Die Batterie mit dem Namen „cerenergy“ soll Kosten von weniger als 100 €/kWh aufweisen, womit der der Preis auf Zellebene laut IKTS bei rund der Hälfte des Preisniveaus von Li-Ionen Akkus liegt. „Damit hält die cerenergy-Lösung den Weltrekord für Natrium-Nickelchlorid-Batteriezellen und ist dabei wartungsfrei sowie absolut sicher“, betont das Fraunhofer IKTS.

Batteriezellen mit Kapazität von 250 Wh

Das IKTS wird in Düsseldorf unter anderem eine fertig konfektionierte 5 kWh-Batterie mit 20 Batteriezellen vorstellen, deren Kapazität von 250 Wh den Angaben zufolge weltweit führend ist. Das gezeigte Modul soll in den kommenden Monaten in die Produktionsreife überführt werden, heißt es weiter.

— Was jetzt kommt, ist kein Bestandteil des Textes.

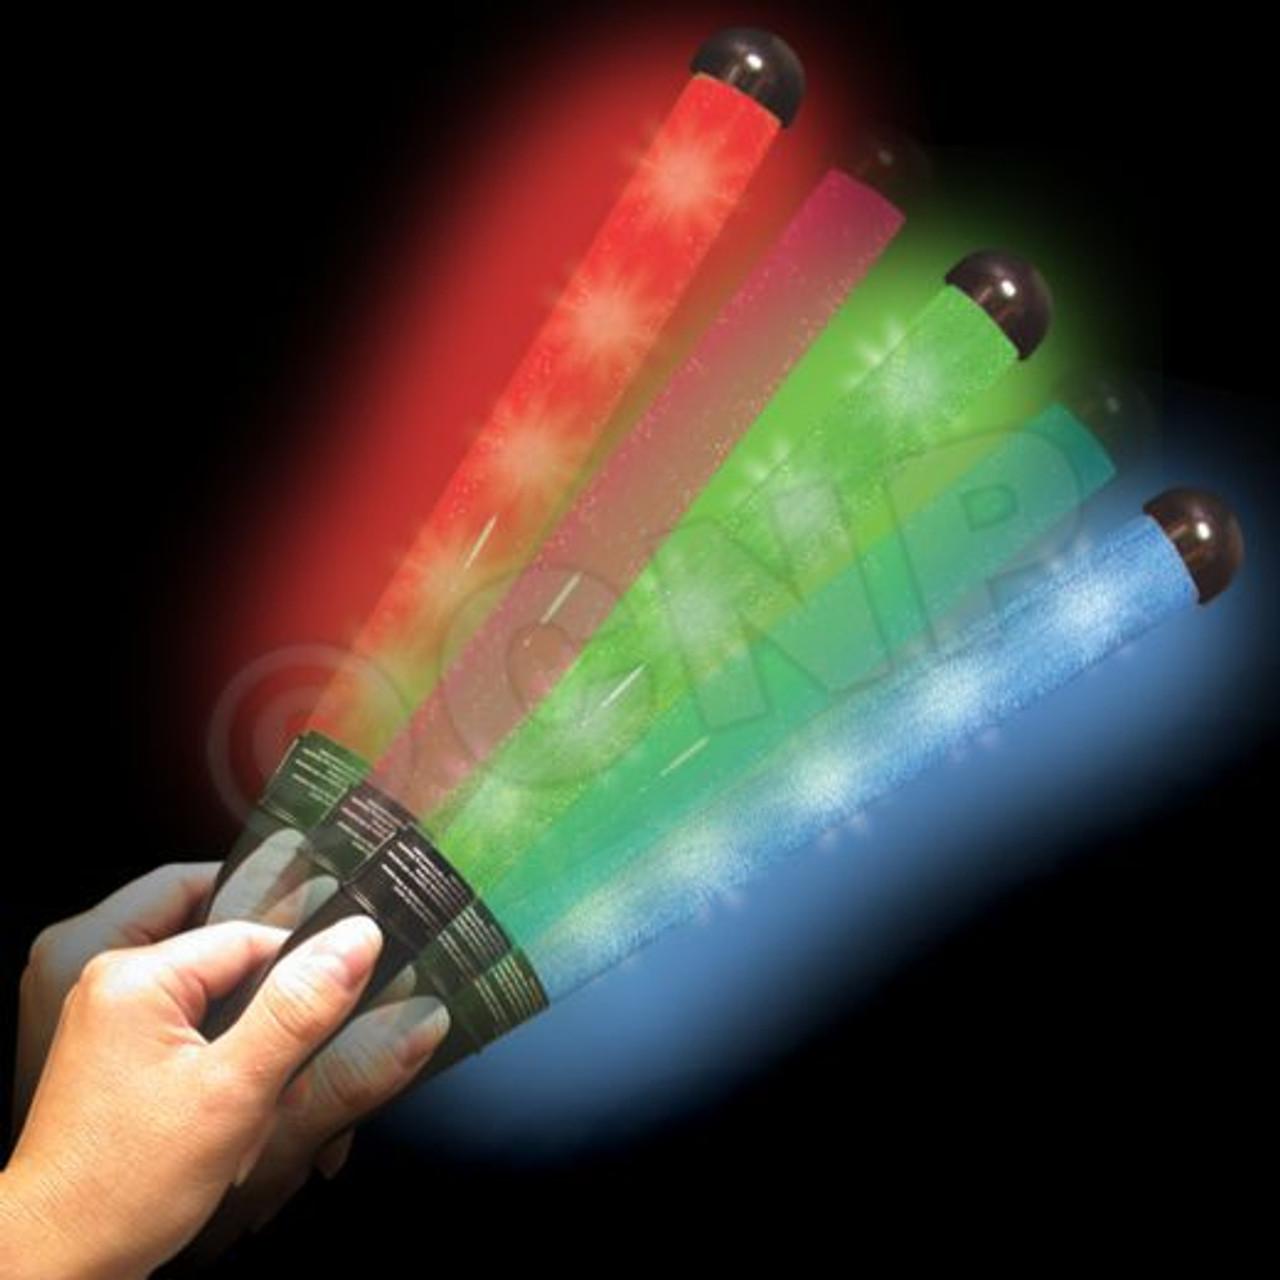 LED, wand, stick, baton, rave, club, dance, bar, led, light, stix, rave, lit, lite, glow, wand, baton,

Klimatisierung der Batterie trotz 300 °C Betriebstemperatur nicht erforderlich

Speicher cerenergy
Quelle: Fraunhofer IKTS

Obwohl die Betriebstemperatur der cerenergy-Batterielösung bei 300 °C liegt, sei ihr Betrieb durch eine Vakuumisolation effizient und wirtschaftlich. „Eine Klimatisierung ist – anders als bei Li-Ionen-Akkus – auch bei extremen Umgebungsbedingungen nicht nötig“, betont das Fraunhofer IKTS. Der Gesamtwirkungsgrad liege bei über 90 Prozent. Die Energiedichte von 130 Wh/kg mache die Batterien für den stationären Einsatz besonders geeignet. Lade- und Entladeraten von 0,25 bis maximal 0,75 C beschränkten die Leistungsdichte, „spielen allerdings bei der stationären Energiespeicherung eine eher untergeordnete Rolle“, heißt es seitens der Fraunhofer Wissenschaftler.

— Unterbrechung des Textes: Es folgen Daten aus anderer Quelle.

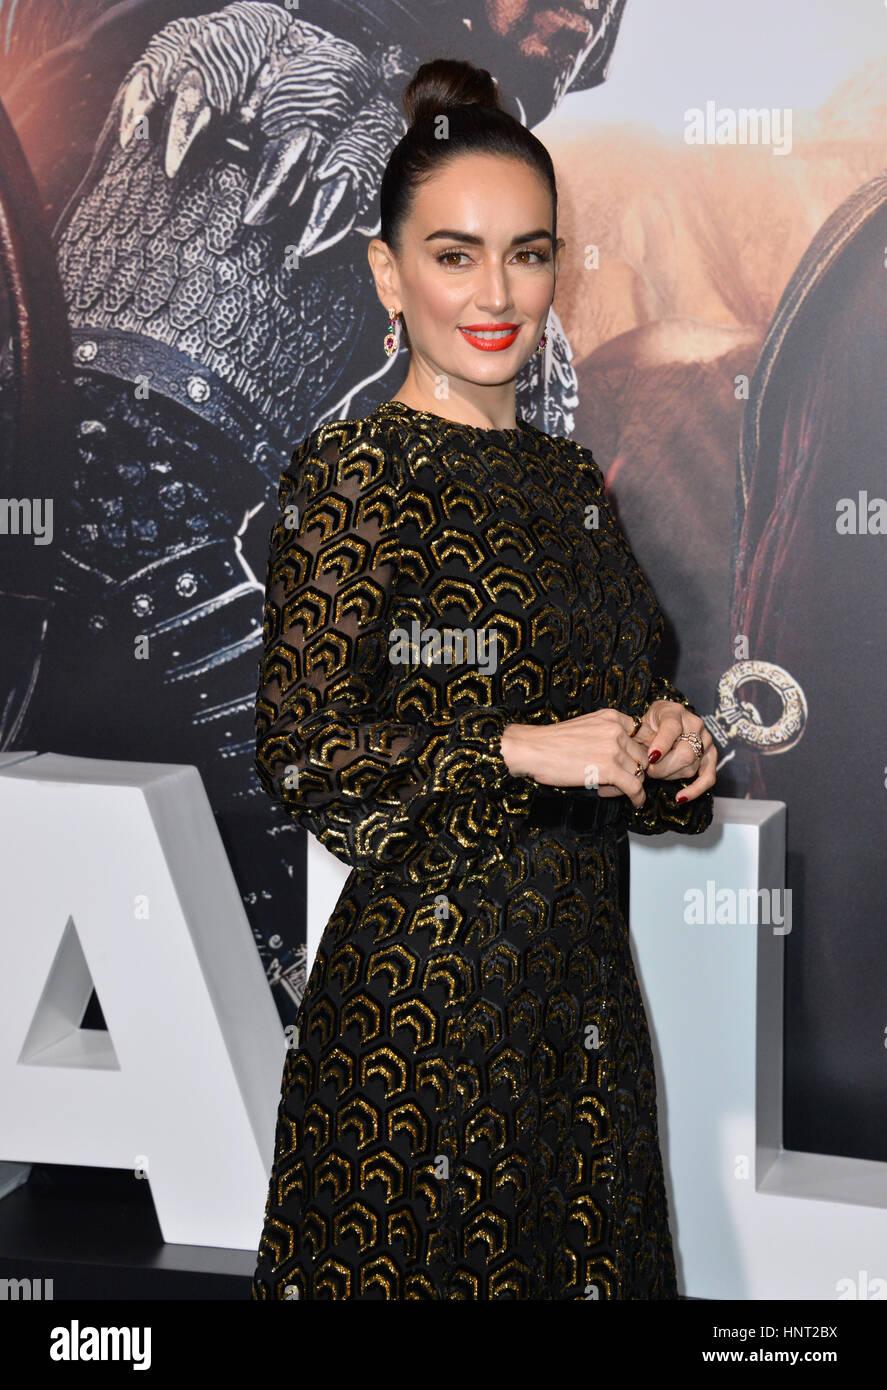 Los Angeles, Estados Unidos. 15 de febrero de 2017. La actriz Ana de la Reguera en el estreno de 'La Gran Muralla' Imagen De Stock

Die Natrium-Nickelchlorid-Batterie basiert im Wesentlichen auf Kochsalz – einen billigeren und besser verfügbaren Rohstoff gibt es kaum
Roland Weidl, Fraunhofer IKTS

Das Prinzip der Batterie sei schon seit den 90er Jahren bekannt, erst in jüngster Zeit sei es den Fraunhofer-Experten aber gelungen, die Technologie wirklich für den Einsatz in stationären Speichern maßzuschneidern. „Die Natrium-Nickelchlorid-Batterie basiert im Wesentlichen auf Kochsalz – einen billigeren und besser verfügbaren Rohstoff gibt es kaum“, sagt Roland Weidl, Abteilungsleiter beim Fraunhofer IKTS. „Und auch sonst verzichten wir komplett auf seltene Erden oder andere strategische Rohstoffe.“ Die Speicherkapazität in Na/NiCl2-Batterien wird durch den Gehalt an NaCl-Kochsalz definiert. Weitere wesentliche Bestandteile sind ein keramischer Na-Ionen leitender Elektrolyt aus einem dotierten Aluminiumoxid sowie Nickel und Eisen.

Energy Storage Europe

Erfreut über die Ankündigung des Fraunhofer IKTS zeigen sich auch die Veranstalter der Düsseldorfer Speichermesse. „Dass das Fraunhofer IKTS seine keramische Batterie hier vorstellt, steht beispielhaft für die besonderen Stärken der Energy Storage Europe und der parallel stattfindenden International Renewable Energy Storage Conference sowie der Energy Storage Europe Conference“, sagt Bastian Mingers, Leiter der Energy Storage Europe. Kein anderes Event der Speicherbranche biete eine ähnliche Bandbreite von Technologien und hochkarätigen Akteuren aus Forschung, Entwicklung und Industrie. https://www.eseexpo.de/.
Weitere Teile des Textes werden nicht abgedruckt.